I don't like much of any government regulation, but this is not a free market bound by the usual rules with competitive checks and balances. It is the force of a court via a jury or judge that has the power to award amounts far in excess of what a person's damages could be.

I mean take a look at a single excessive case where a jury awards hundreds of millions, how would you GUARANTEE to limit that if not for caps?

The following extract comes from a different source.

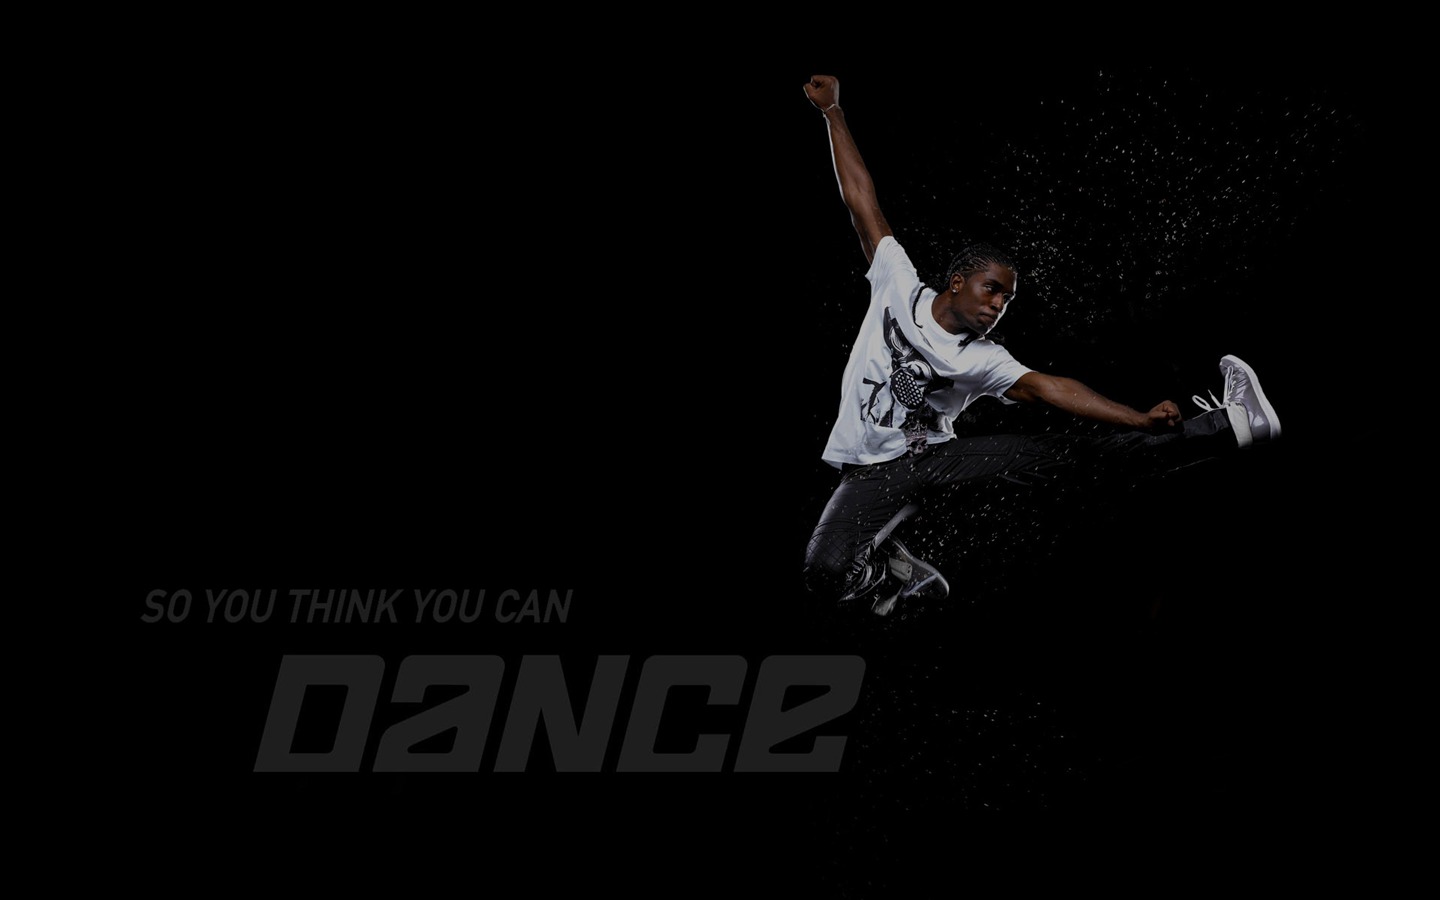 So You Think You Can Dance 舞林爭霸壁紙(二) #4 - 1440x900
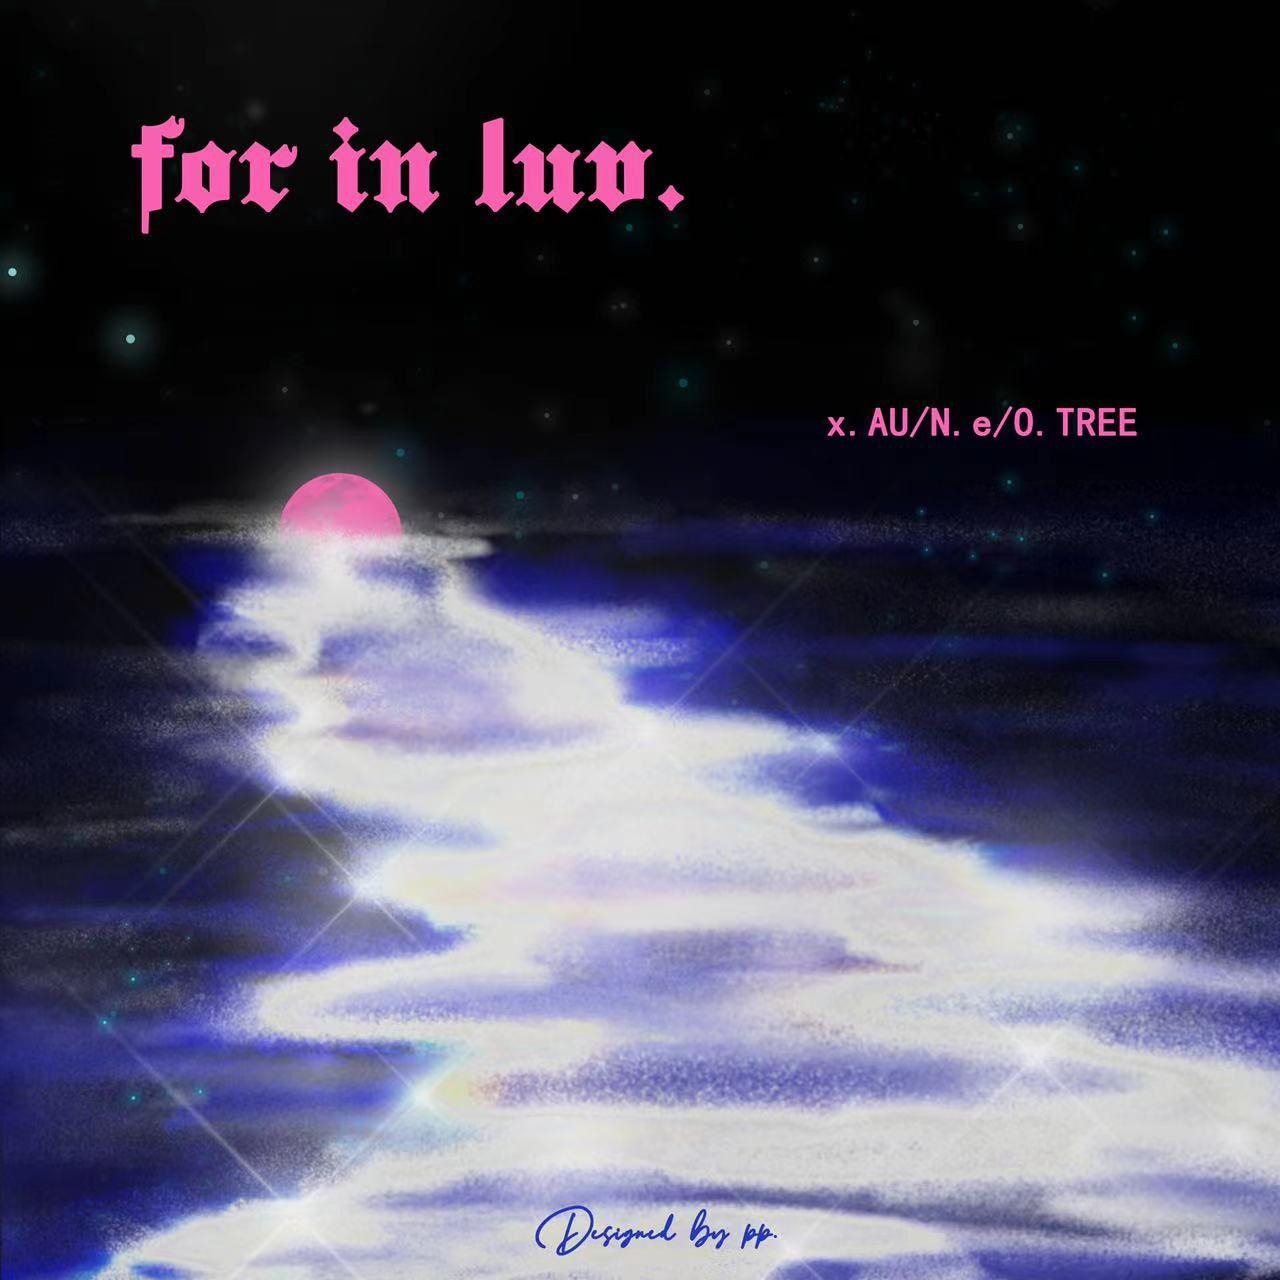 x.AU - For in luv

At least in Florida, and I know most places.... It is within the judges descretion to reduce an award.
 
At least in Florida, and I know most places.... It is within the judges descretion to reduce an award.
You trust every judge to do so? That only helps when the judge is grounded, but not all of them will be though I think most are.
The problem is that now trial lawyers can often pick their judges (to a degree), especially when they are suing some national company with presence in all or most states; there is some county or area in Illinois where an obscene amount of lawsuits are filed by trial lawyers with far more compared to anywhere else in the nation.
Why? Because in this day and age they have stats on which judges and juries are most likely to award the plaintiff and with the highest damages.
 
You trust every judge to do so? That only helps when the judge is grounded, but not all of them will be though I think most are.
The problem is that now trial lawyers can often pick their judges (to a degree), especially when they are suing some national company with presence in all or most states; there is some county or area in Illinois where an obscene amount of lawsuits are filed by trial lawyers with far more compared to anywhere else in the nation.
Why? Because in this day and age they have stats on which judges and juries are most likely to award the plaintiff and with the highest damages.

No, but I dont trust our justice system to always be perfect. But I do trust it to average out to do justice.